At first glance, it’s not easy to find entrepreneurs whose businesses revolve around a social or environmental issue. For most entrepreneurs, the priority seems to be just getting a business going, and worrying later about making it socially and environmentally sustainable.
There are many reasons for that. Most entrepreneurs consider it a luxury to focus on social or environmental issues. They want to find financial security first, to get on their feet and move beyond the daily survival worries. Dedicating oneself to another, bigger cause is a daunting responsibility, and most businesses focus on much more immediate goals of simply making a profit.
But social entrepreneurship doesn’t have to mean running soup kitchens. There’s another way to look at it: Social entrepreneurship is nothing more than offering innovative solutions to significant problems within a society. When you look at it that way, social entrepreneurship really isn’t all that different from the kind of entrepreneurship that is driven solely by the desire over financial profit. It’s just a different way of channeling the psychological energy you put into your business. Instead of focusing on making money, you focus on serving the needs of your customers. Seen from that perspective, social entrepreneurship isn’t dreamy and utopian, it’s just good business.
Today the “Millennials,” otherwise known as members of “Gen Y”, are likely to produce the lion’s share of social entrepreneurs. Millennials have a reputation for wanting more than just a big paycheck; they want to find real meaning in their work. They want to know that what they do contributes to the development of society. You can see them embracing that ethic in their active participation in philanthropy, nongovernmental organizations, non-profits and socially motivated business, where they are contributing with some of the most innovative ideas and transforming these organizations. With this attitude, they will fit well into a global business community that increasingly asks us to become aware of our responsibilities as citizens.
Another group of people that is well-positioned for innovation in the social entrepreneurship arena are expats and their spouses. With their depth of life experience and their international perspectives, they possess essential know-how needed by the communities around them. When expats contribute through their participation in local NGOs, not only do they help their host country, but they also bring more meaning and purpose to their own work and lives. Especially for those international-types who plan to go around the world or change locations every few years, becoming involved in social entrepreneurship projects is a great way to build a worldwide network of like-minded people.
It’s not just idealistic young kids and globetrotters who are making a name for themselves as social entrepreneurs. İbrahim Betil is one example of an experienced social entrepreneur in Turkey, having held several upper management positions in well-known corporations, in 1994 he dedicated himself to a life developing the societies around him. He is the founder of Toplum Gönüllüleri Vakfı, or TOG, a well-known organization facilitating community volunteering. His hands-on dedication to his causes is an inspiration to us all.

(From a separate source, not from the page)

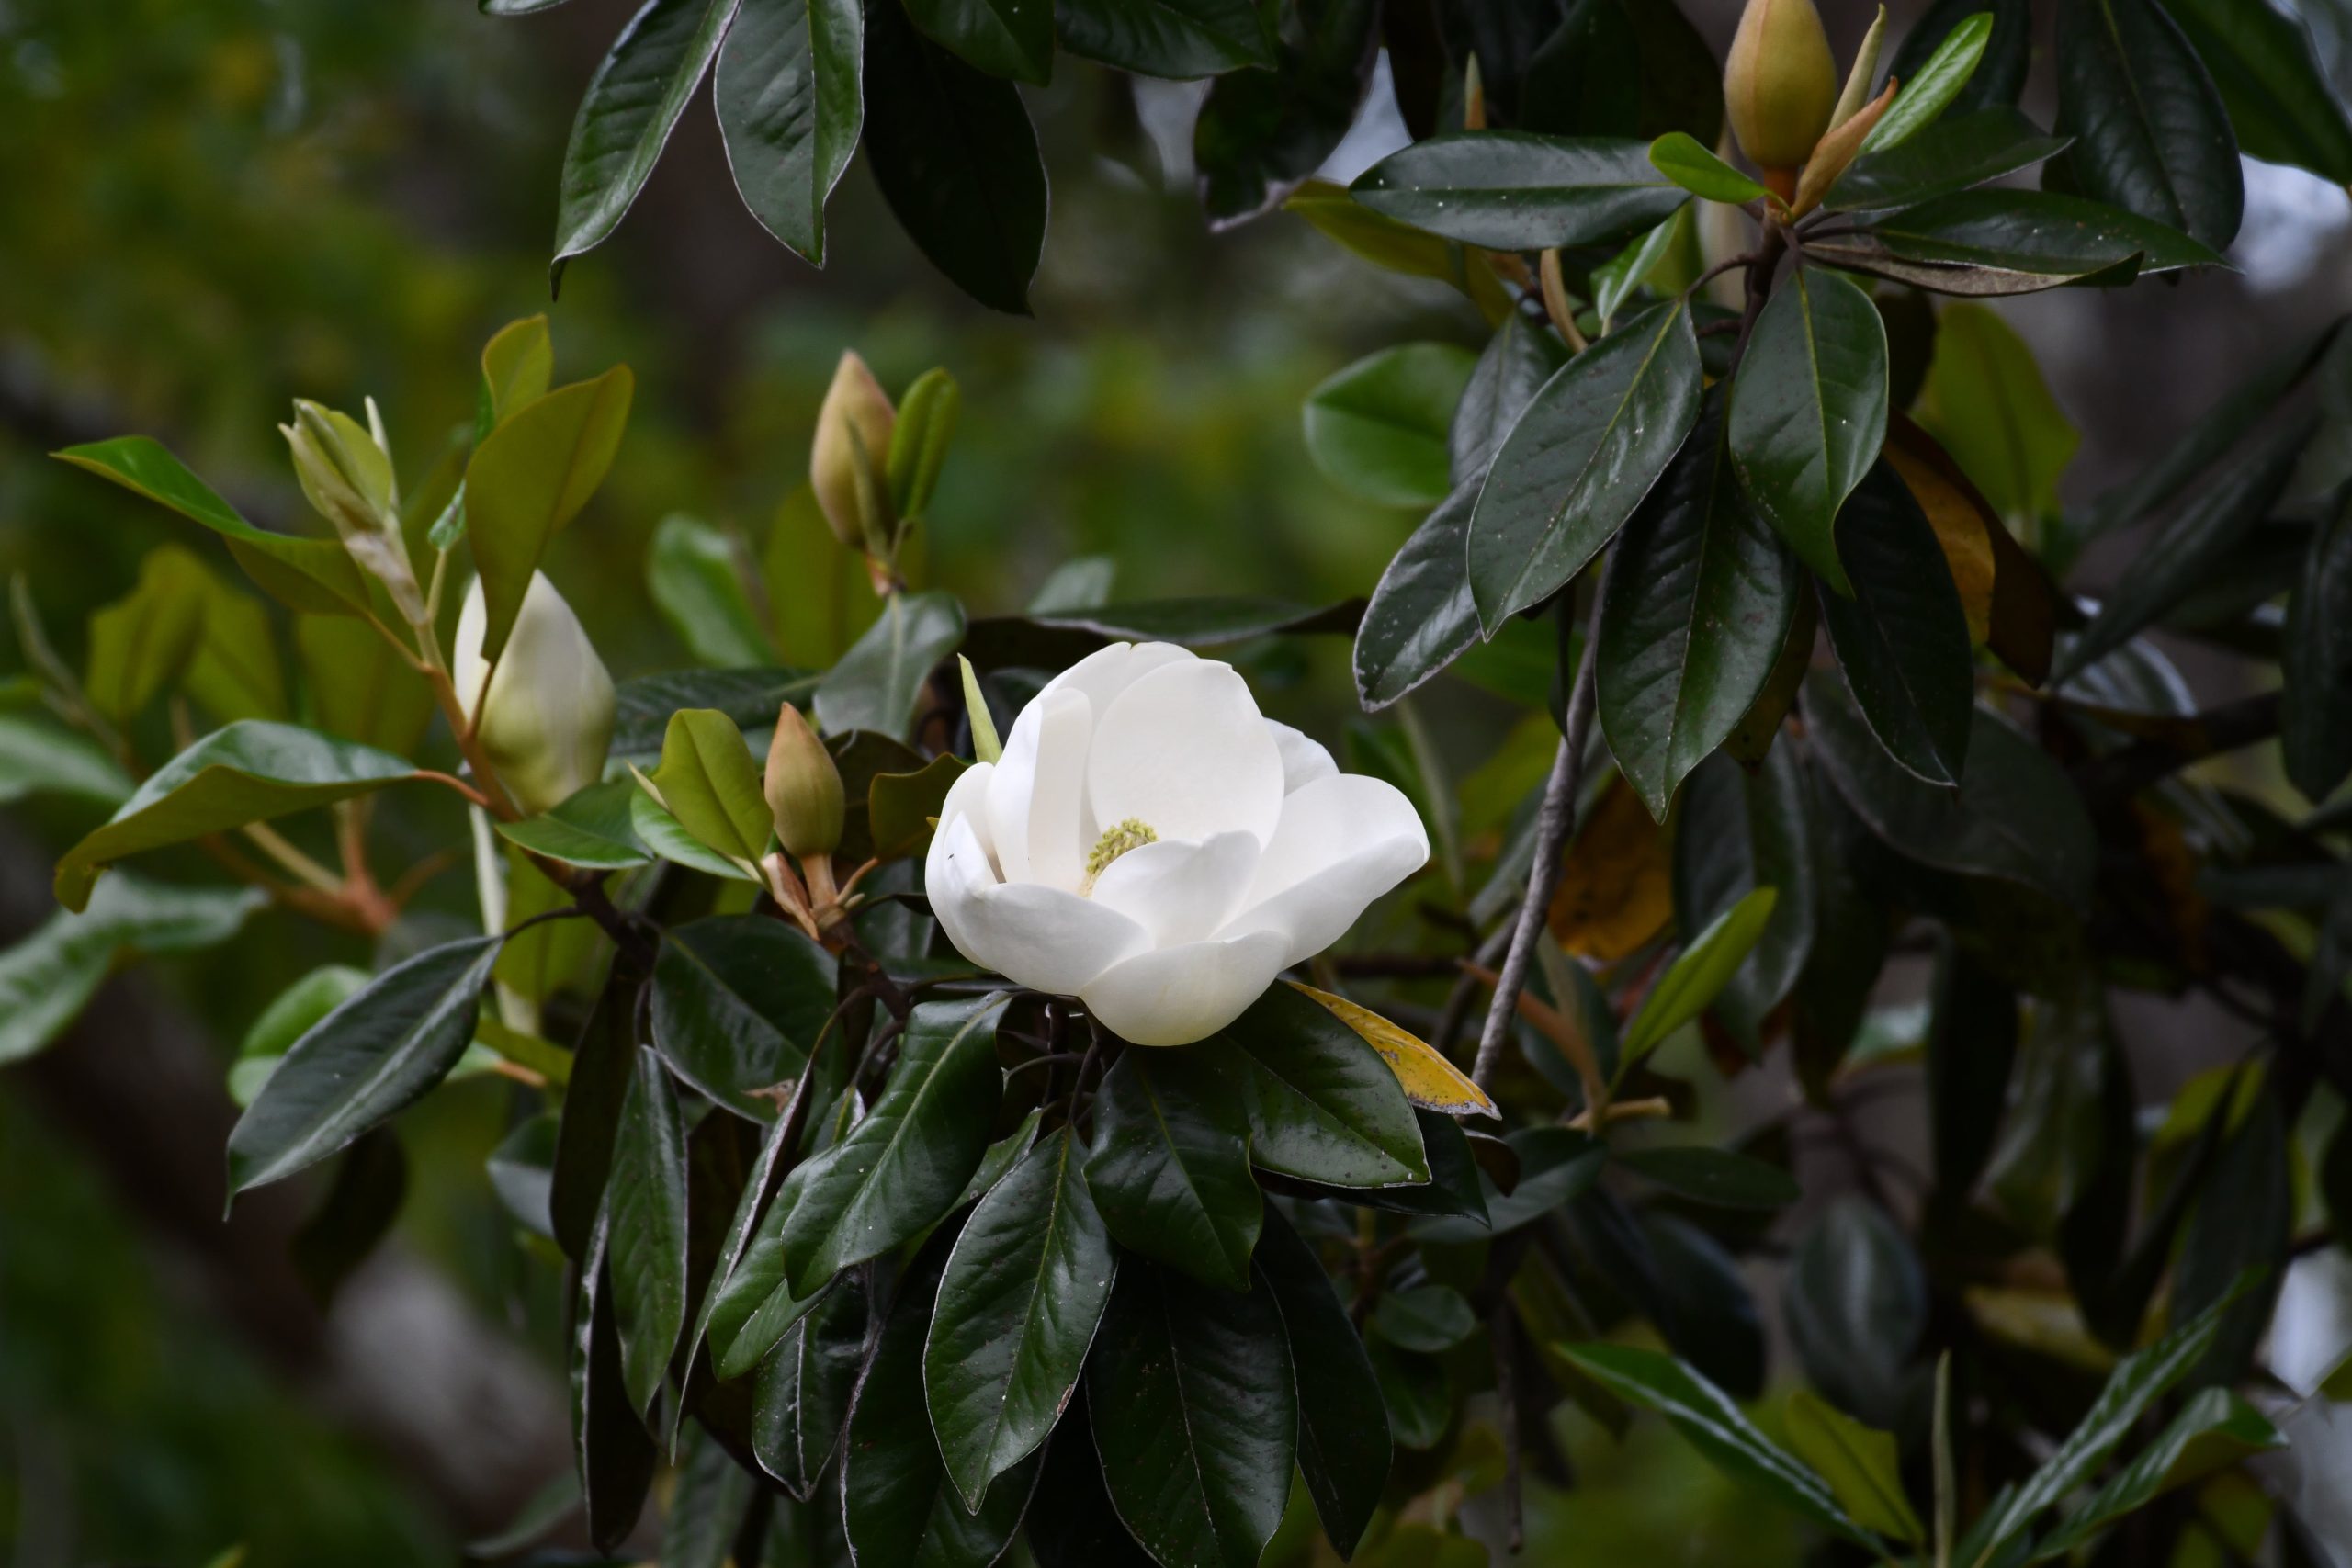 dettaglio di una magnolia in fioritura, pianta d'importazone in italia

If you are looking for ideas for your own venture, check out an organization called ASHOKA. It is a global association of the world’s leading social entrepreneurs, and its members are developing creative solutions for some of the world’s most urgent social problems. ASHOKA supports ideas and initiatives in many fields concerning human needs, from microfinance to water management to children’s health. I encourage you to visit their Web site, ashoka.org, to see what their current projects are, and how you might contribute. Whether you are already running your own business, or are just looking for ways to bring more social awareness into your life, once you learn how to spot the social entrepreneurs around you, you will find no shortage of inspiration.